"The World as a Stage" at the ICA, Boston
The World as a Stage
ICA Boston
Feb. 1 - April 27, 2008
We were up in Boston this past week and stopped in to see the ICA and its snazzy new building. Barely a year old, this example of destination architecture is a dramatically cantilevered over Boston Bay in the city's gentrifying Seaport District. The building is designed by the New York firm Diller Scofidio + Renfro, the brains behind the ongoing redo of Lincoln Center and the High Line, and the subject of a rare architectural retrospective at the Whitney in 2003. Their designs are cerebral, but also playful.

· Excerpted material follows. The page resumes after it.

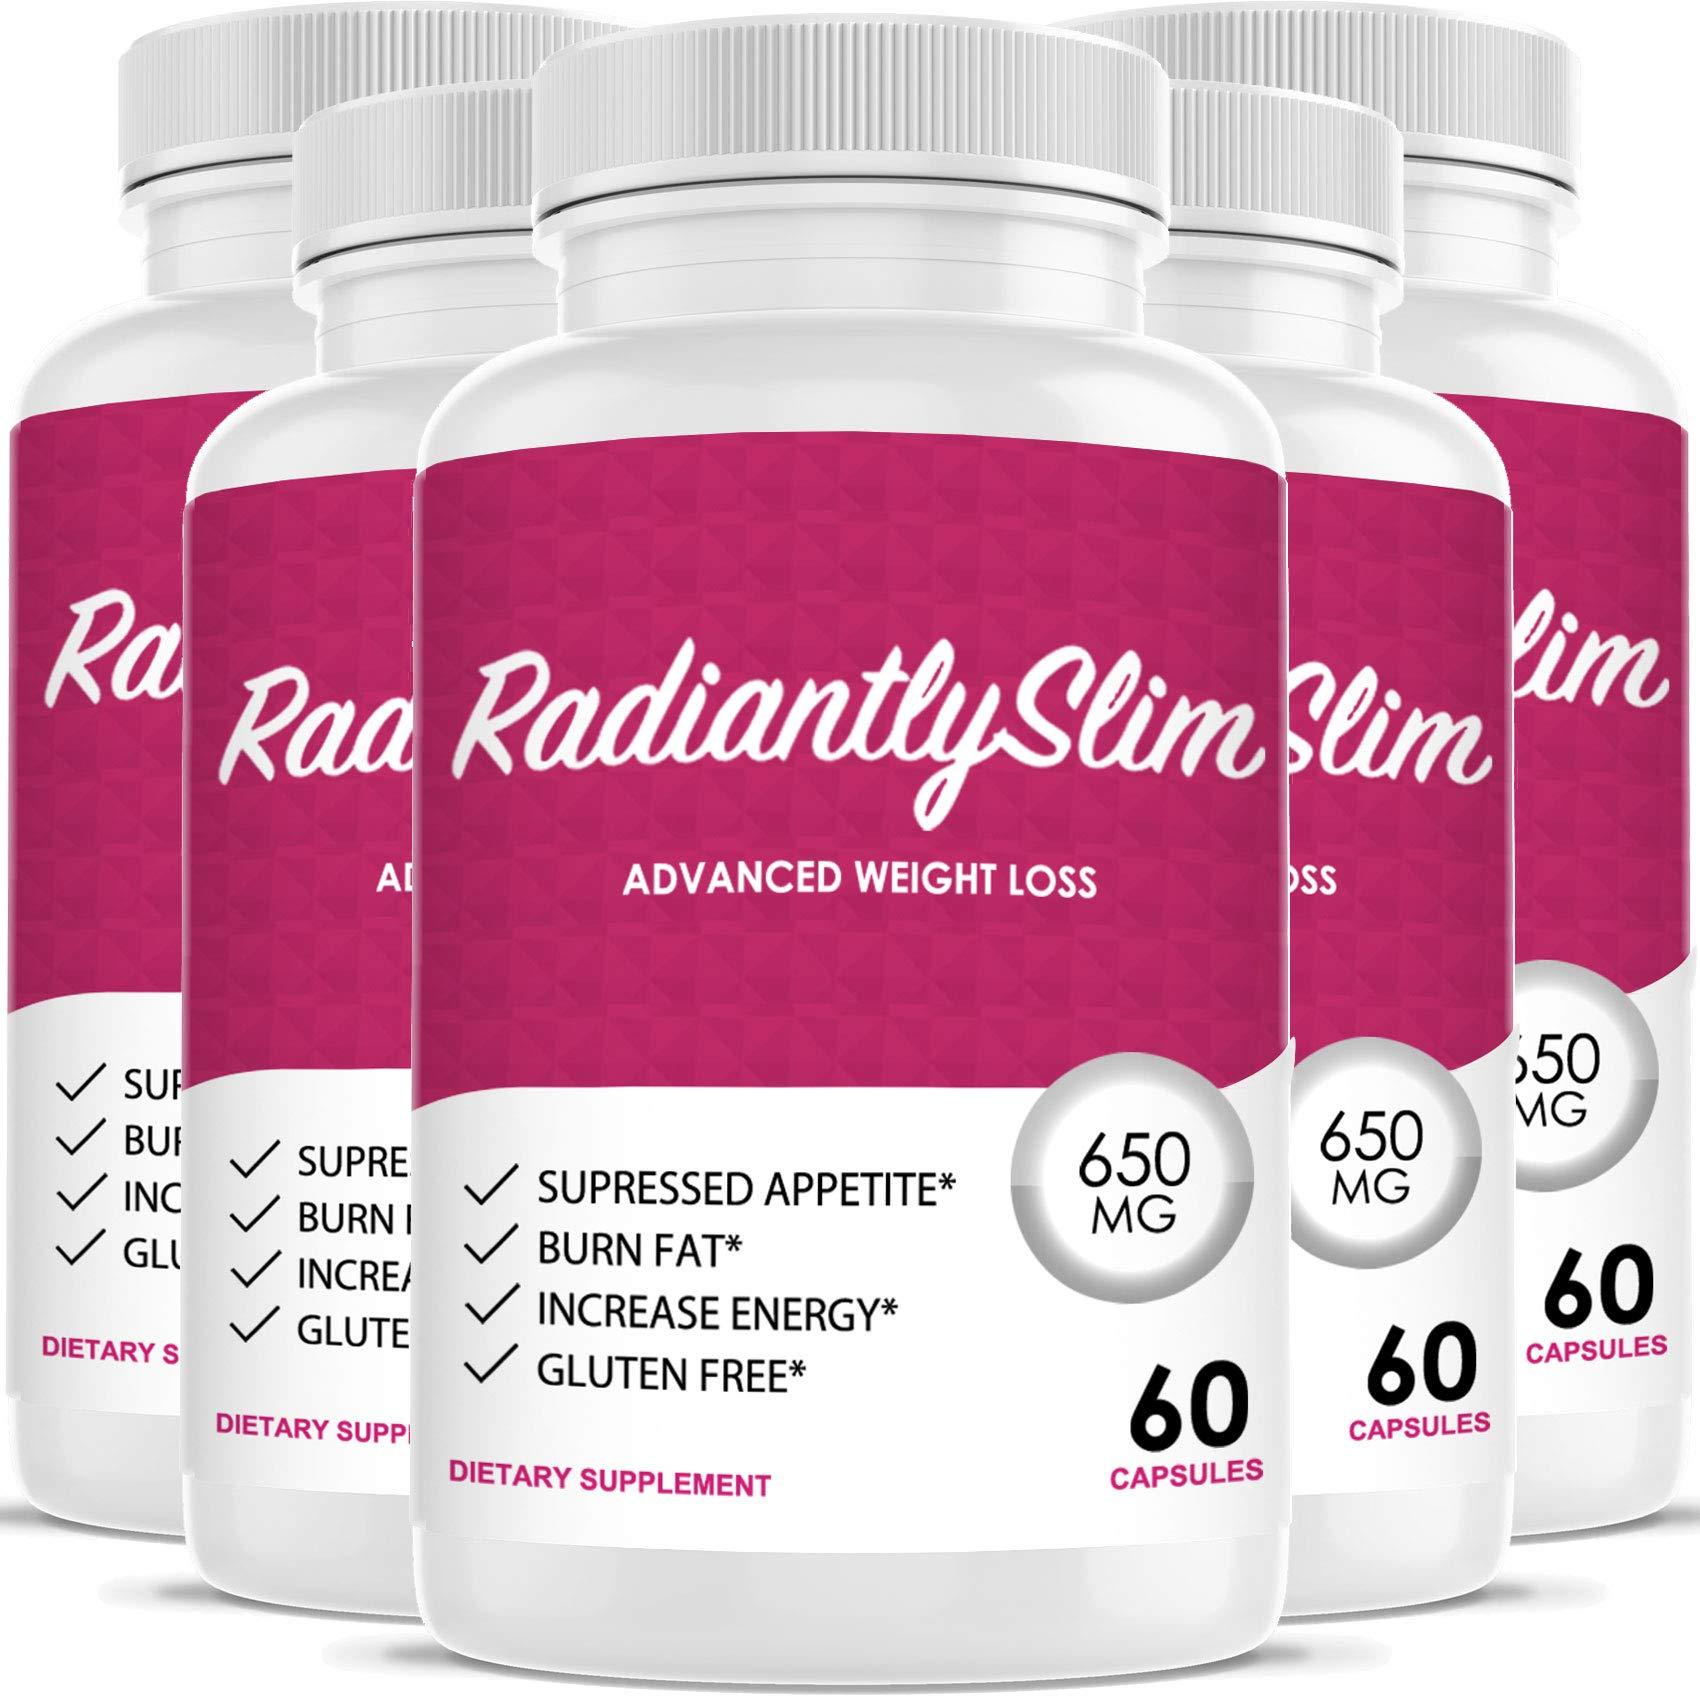 Radiantly Slim Pills for WeightLoss - Advanced Weigh Loss Supplement - Quicker Fat Burn - Carb Blocker (5 Month Supply)

Case in point is their "Blur Building," a conceptual structure made of mist -- done for the Swiss Expo in 2002.
It's tempting to compare the ICA to that other recently opened contemporary art mecca -- the New Museum, which also happens to resemble a stack of boxes. But the differences are telling. The ICA's more than twice as old as the New Museum and has more than three times the gallery space. It's not difficult to presume that the ICA also has deeper pockets and a bigger permanent collection.
But at half the size of P.S. 1, the ICA's not huge either. It's possible to see everything in about two hours. Nearly all of the art's on the fourth floor, with the other levels housing a theater and multimedia studio, as well as the typical store and cafe.

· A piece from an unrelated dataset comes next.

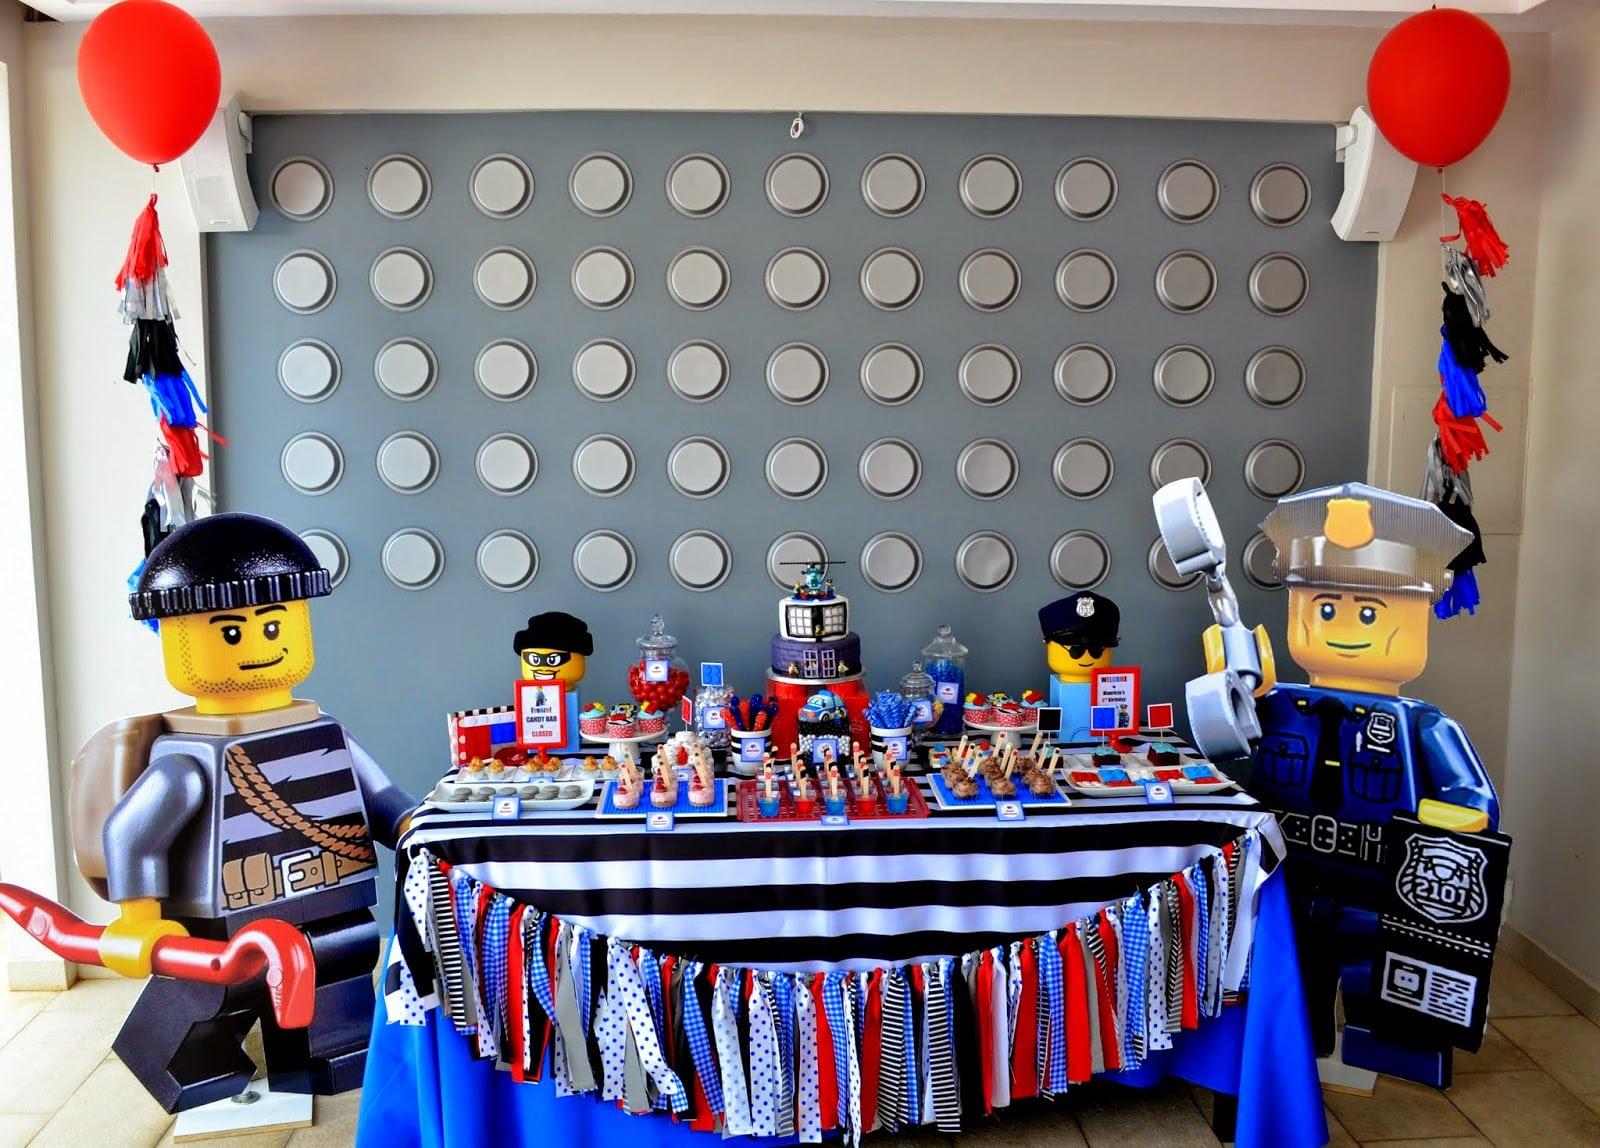 Party city invitations for birthdays partycityinvitationsforbirthdays2g stopboris Gallery

Up now is "World as a Stage," a show organized by the Tate Modern with work by 16 artists dealing with performance, theater and other issues of the spectator and spectacle. A few highlights: "Self-portrait as a businessman" (2002-2004) by Pawel Althamer -- a pile of clothes, briefcase and cell phone that are the remains of a performance in which the artist lived as a businessman for several days before fully disrobing in Berlin's Potsdamer Platz; "Falha" (2003) by Brazilian artist Renata Lucas -- a series of hinged plywood sheets that the viewer can rearrange; and, best of all, "Little Frank and His Carp" (2001) by the awesome Andrea Fraser -- a video of the artist as she takes instructions from the pretentious and over-wrought audio guide in the Guggenheim Bilbao, culminating with her simulating sex with the "sensuous" curves of the Gehry architecture.

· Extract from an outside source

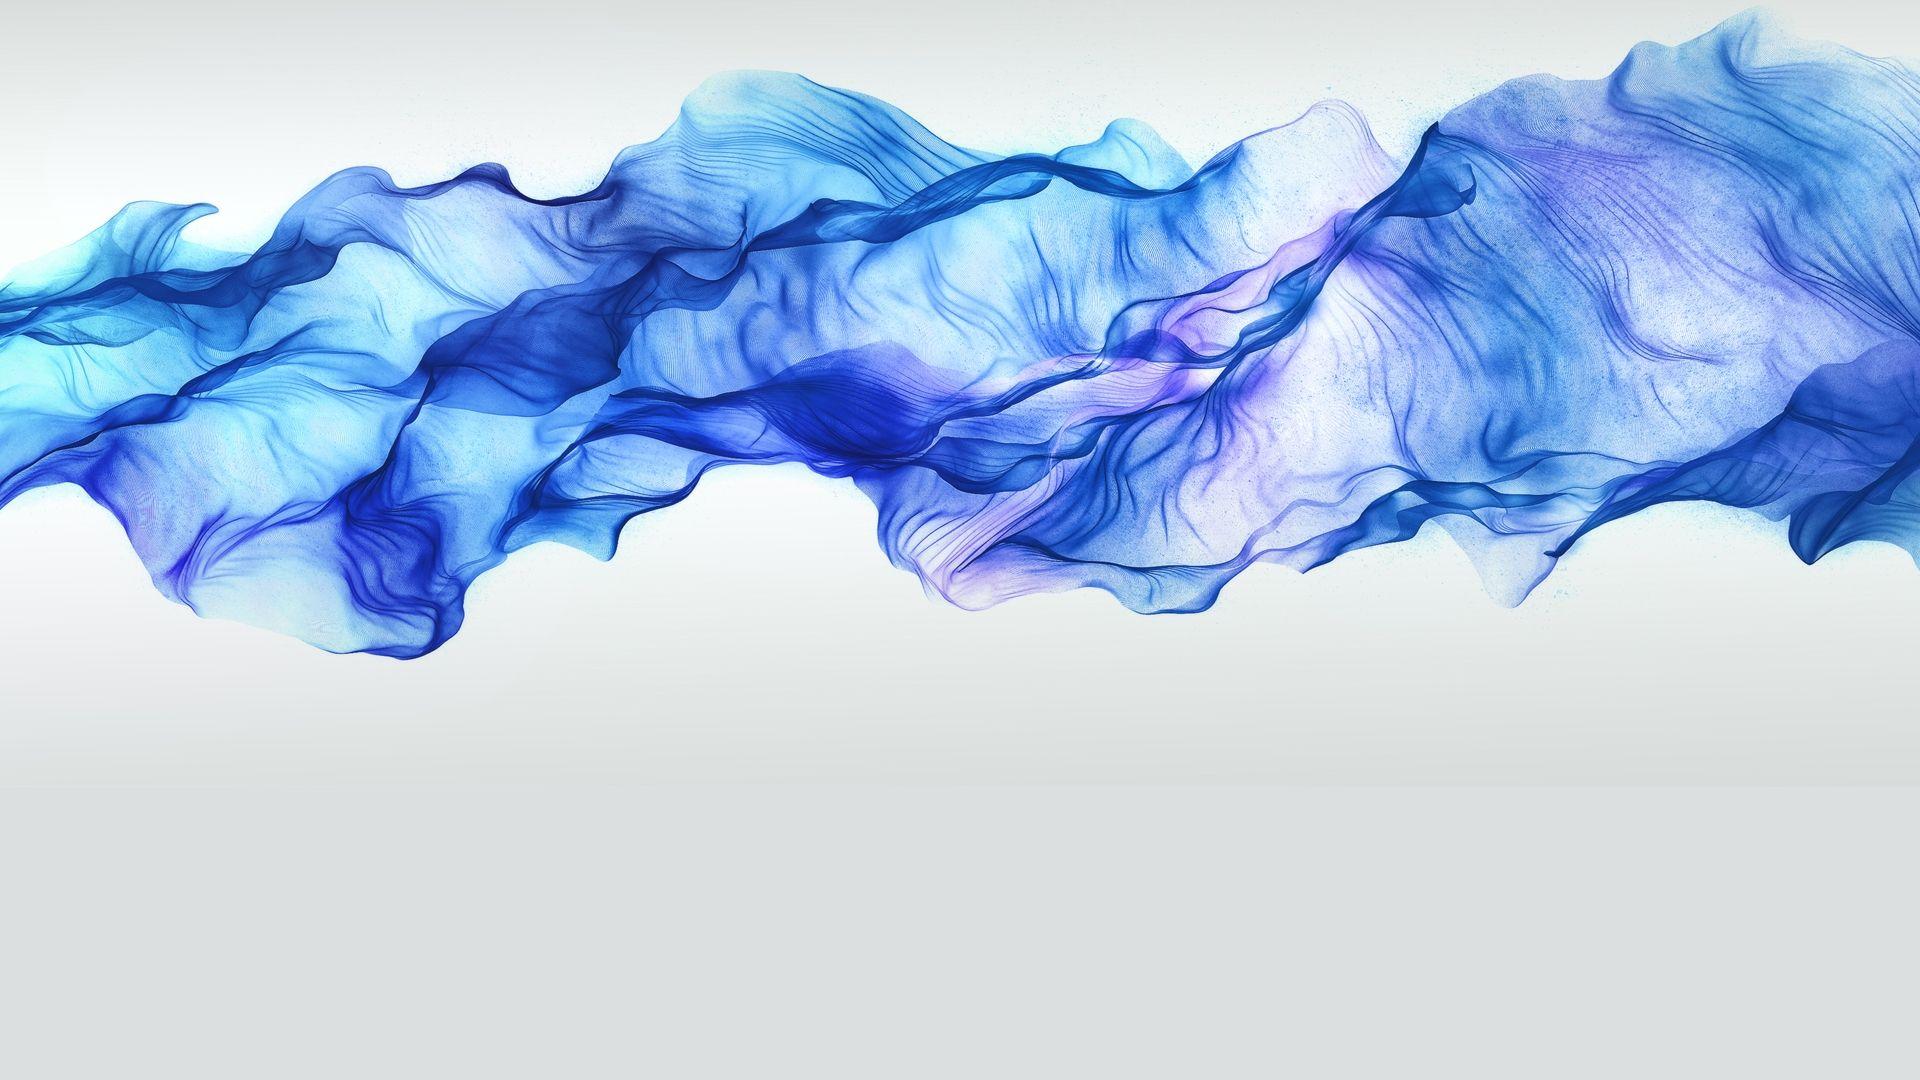 Blue Smoke White Background Wallpaper

I enjoyed playfulness of this show, and found myself responding to a few humorous pieces in a second exhibit -- "Accumulations" (July 25, 2007 - July 6, 2008), a show highlighting some of the museum's recent acquisitions. The funny stuff included "Karaoke Wrong Number" by Rachael Perry Welty (2001-2004) -- a video of the artist lip-synching to answering machine messages of strangers; and two videos by German artist Christian Jankowski. In "The Hunt" (1992/1997), he shops for food in a supermarket with a bow and arrow. And in "Point of Sale," a three-screen video shows gallerist Michelle Maccarone and her retail neighbor, an electronics exporter named George Kunst, as they get small business advice from a consultant -- interesting material with the amusing twist that Kunst's lines are spoken by Maccarone and vice versa.
A smaller show of sculpture and prints by Louise Bourgeois -- "Bourgeois in Boston" (March 28, 2007 and March 2, 2008) -- was uninspired. Tellingly, the bulk of the art was on loan from one of the museum's trustees, also a major donor.
All together, I thought the ICA was refreshing and fun. I look forward to visiting again.